Fashion I was watching The September Edition yesterday, the documentary about the titanic struggle to run the fashion industry between two huge personalities, Anna Wintour and Grace Coddington, and decided to have a look at Vogue Magazine's US website to see if I can tell who's won this month's battle. I duly typed vogue.com into Firefox and was offered this page. There's Vogue.com at the top and the new issue with Alexa Chung on the cover.

Except that's British Vogue which is a different publication to its US parent. The url had resolved to vogue.co.uk. I tried typing vogue.com once more, and again I was presented with the British version. Vogue are geotarding (a word I hate because of its connotations but tolerating for the purposes of this post) the US equivalent of their website from the rest of the world (or the UK at the very least) and are sending us to our local equivalent. Interestingly they aren't redirecting traffic to other local sites; I can happily look at VOGUE.fr If you're in those countries and you look for vogue.com do you receive your own version too?

On one level this makes some sense. In the UK the main news stand edition of Vogue is the British version, the one available to the vast majority of people, the US edition will only be available in some select stores with a giant locality identifying label plastered across it (I'm guessing -- it's not something I've checked though that seems to be the arrangement with Wired Magazine).

Fashion trends tend to be localised (I think) and so they may feel it's important that someone looking for vogue.com should be presented with content that's relevant to their geographic area and more closely associated with the UK version of the magazine; the less net savvy might not realise that vogue.co.uk is their local site and they're trying to minimise the confusion. Even the link on Vogue's wikipedia page that says US site sends me to the UK version.

If this is policy rather than an error, flies in the face of what the internet is about, global communication and a levelling of this kind of geographical difference. There's something quite liberating about sitting in a flat in Liverpool and being able to reading The Washington Post, Pravda or The New Zealand Herald and receive a local perspective on a story without the ex-positional hand-holding. Similarly there must be some fashionistas who are keen to see what's being worn at New York parties this season, perhaps be ahead of the curve. Surely it's outside Vogue's business interests to send them towards rival websites that may be open.

Additionally, although there is a pull down box at the tail of the page labelled "Vogue International" it's a mess of broken and poorly updated links. I've checked. Selecting "US" takes you back to .co.uk (comma) "France" resolves to this old domain with DNS made easy ironically plastered across it. "Italy" sends us to style.it, publisher Conde Naste's main portal for the region and not Vogue's own section. Most of them call themselves VOGUE.com when the inclusion of the international sub-domains would help underscore their localised origins.

There is a work around. Google "Vogue" and under the curiously high link for British Vogue, which is also presumably the result of my location, there is the link the US vogue.com. Click that and you're back at the UK version. But click this Google cache version and low and behold we can finally see the glorious majesty of Vogue USA with Jessica Biel on the cover. Click on one of the menu options and you're sent to that page at vogue.com and you can continue to read the site's content to your heart's content.

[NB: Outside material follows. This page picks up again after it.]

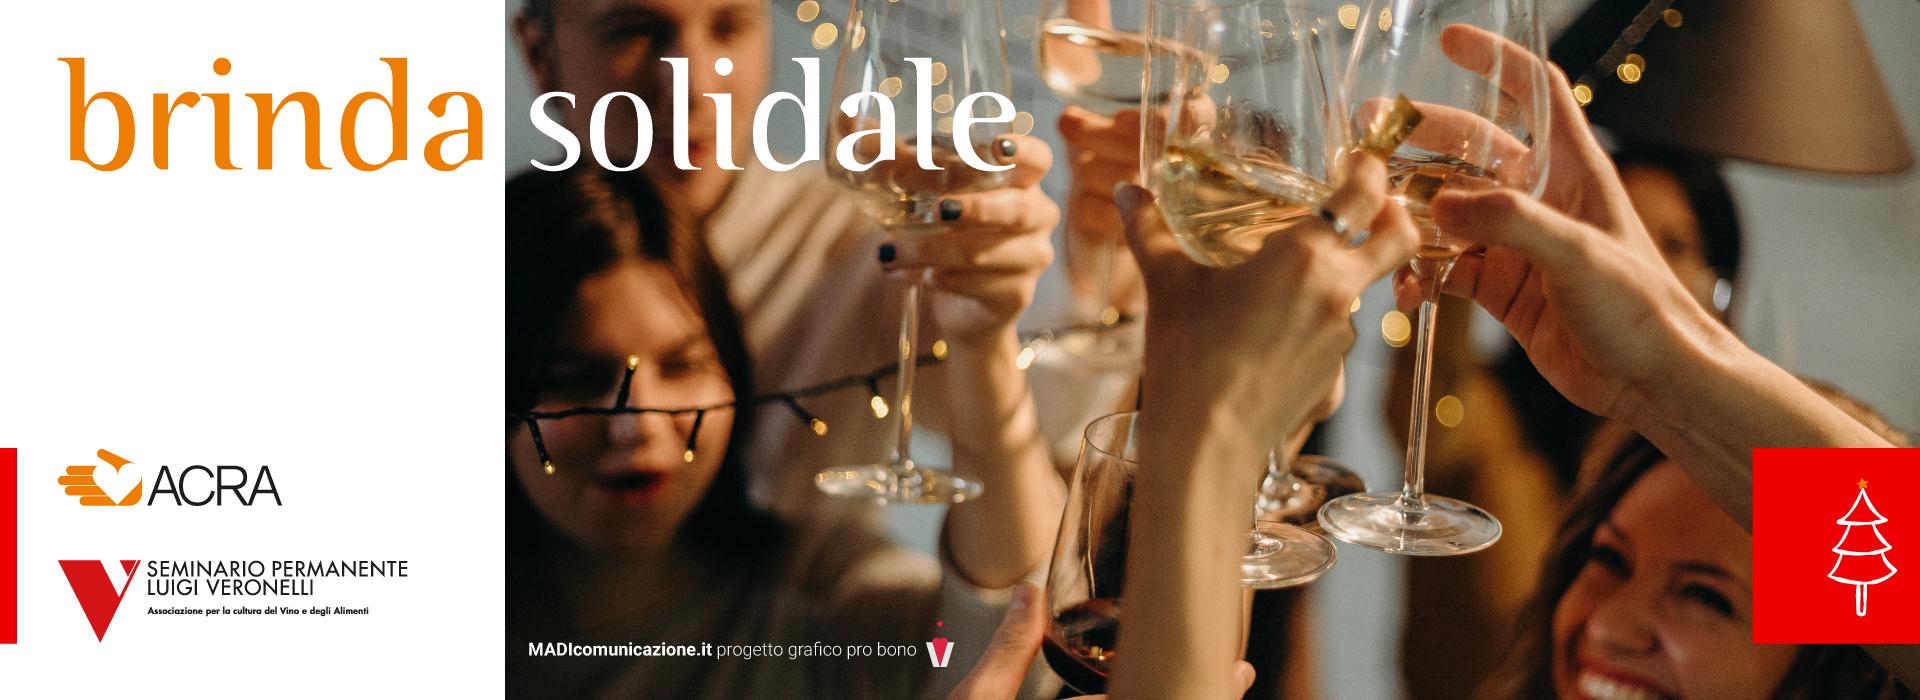 MADI-comunicazione-per-ACRA_brinda-solidale-Facebook-Natale

And in case you're wondering, I'm still none the wiser about this season's trends, though I suspect it's probably related to textures and a simpler more classical look in whatever colour is the new grey. I have no fashion sense, spending most of my days in t-shirt and jeans. But I do think that the fashion industry is more important than it's given credit for since on a design level at least along with architecture and advertising it's one of the visual art forms that exists in our general environment and the only one that (nearly) everyone has to buy into and be knowledgeable about.